■ Required action: Look through the listing below for the line containing "Information Technology Services". Copy it and each line after it up to and including the line containing "BELLOSTA T-LUX WALL MOUNTED BASIN MIXER", exactly, leaving out pictures.

■ The input:
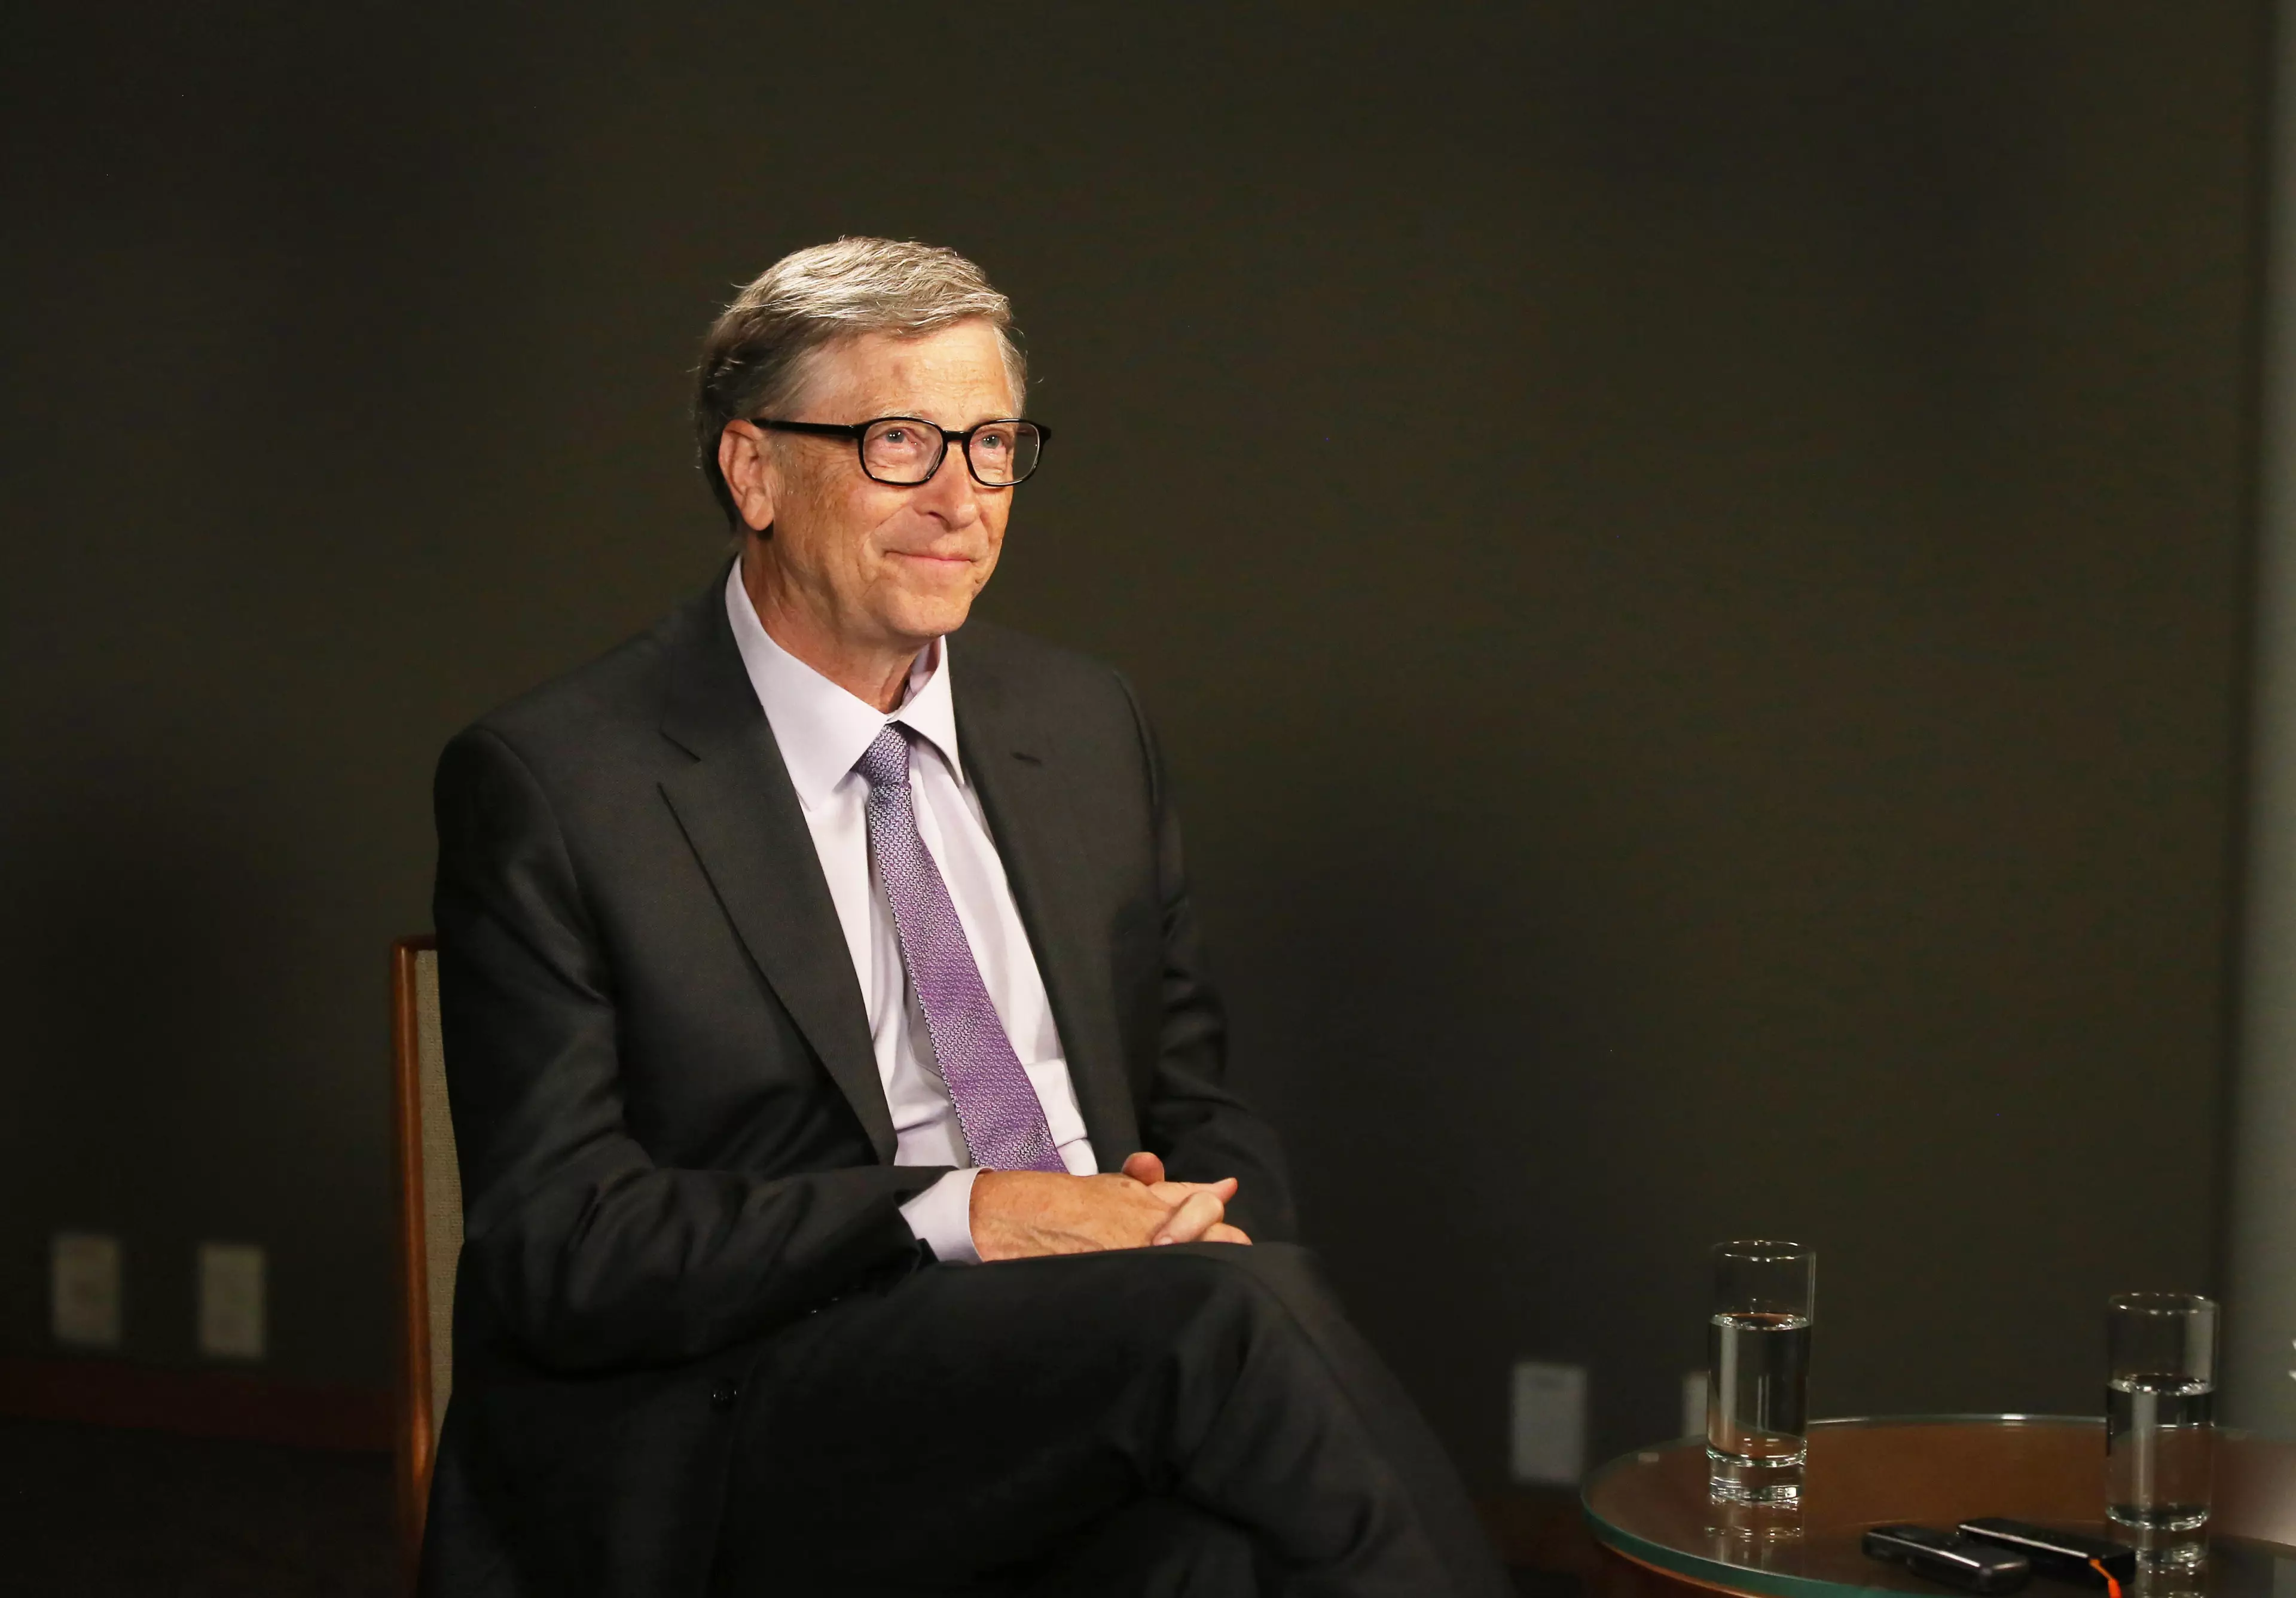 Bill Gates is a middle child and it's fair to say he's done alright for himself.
* * *
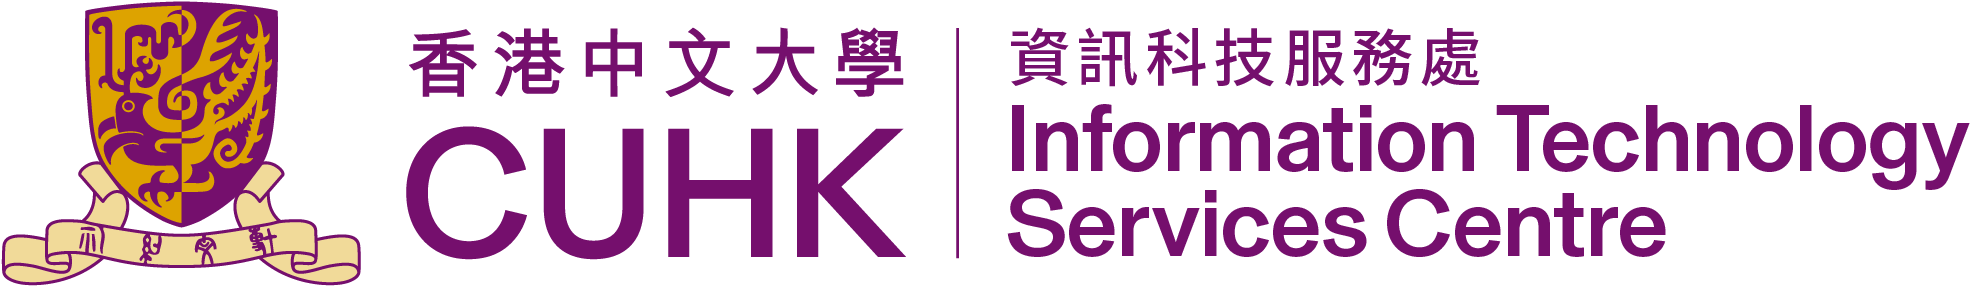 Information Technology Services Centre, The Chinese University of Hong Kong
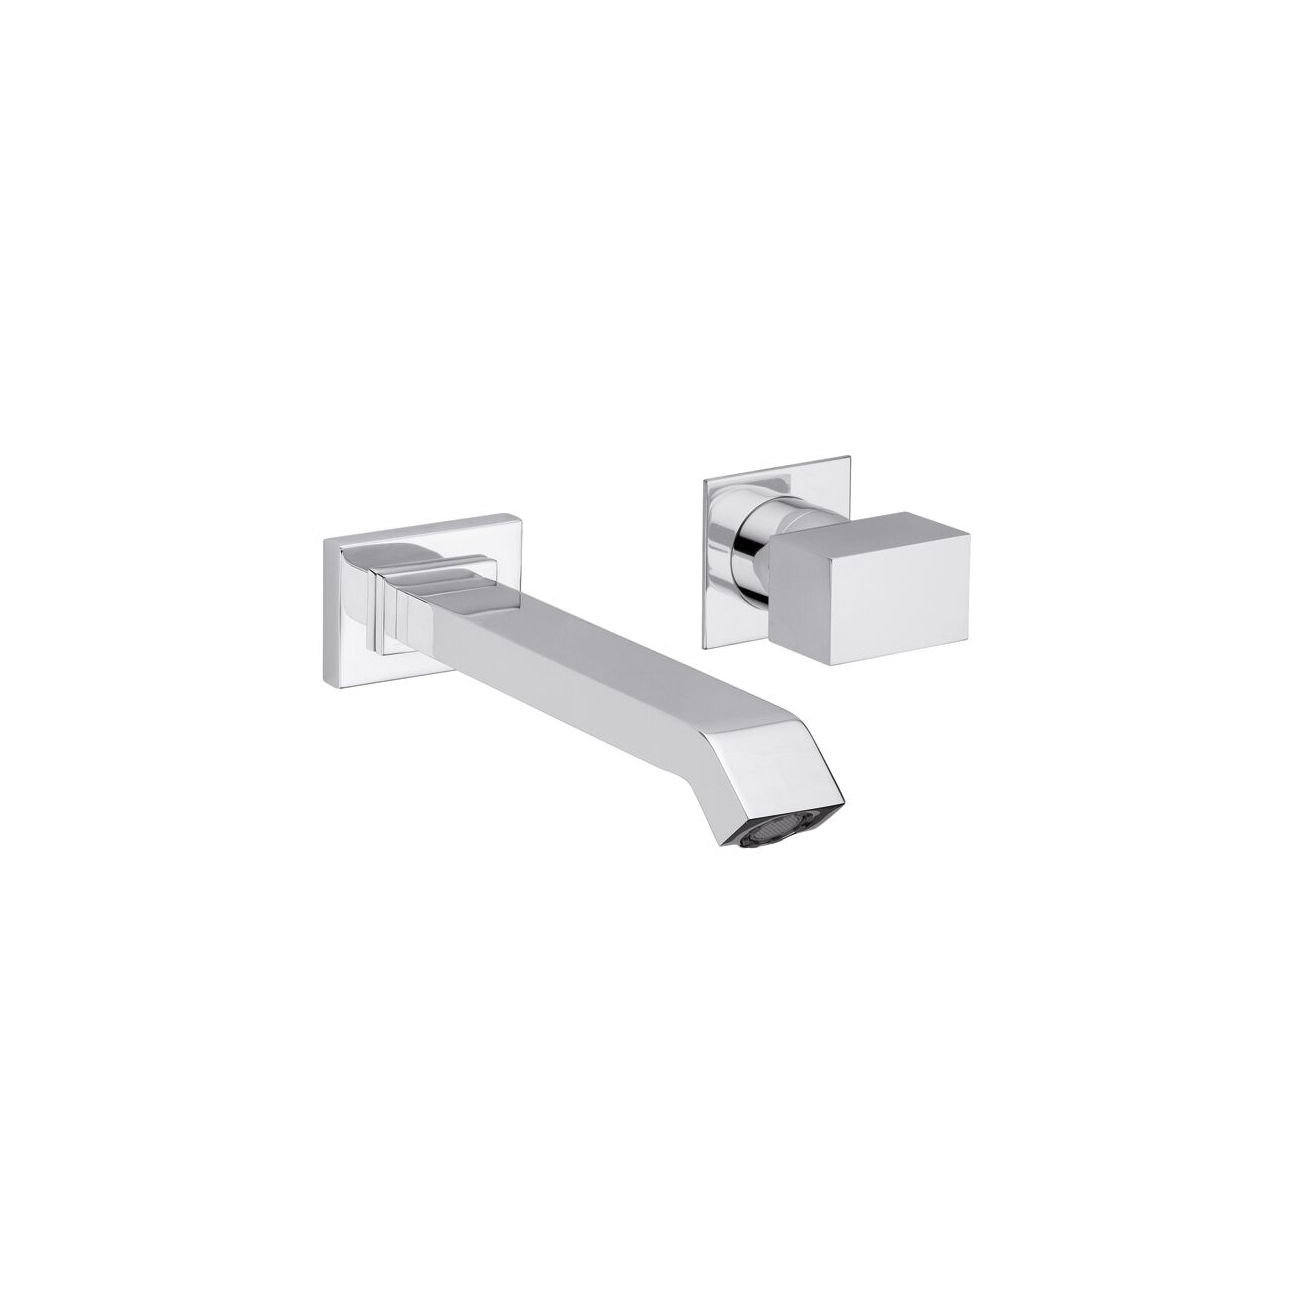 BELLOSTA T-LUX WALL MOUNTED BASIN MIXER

■ Answer to this task:
 Information Technology Services Centre, The Chinese University of Hong Kong
 BELLOSTA T-LUX WALL MOUNTED BASIN MIXER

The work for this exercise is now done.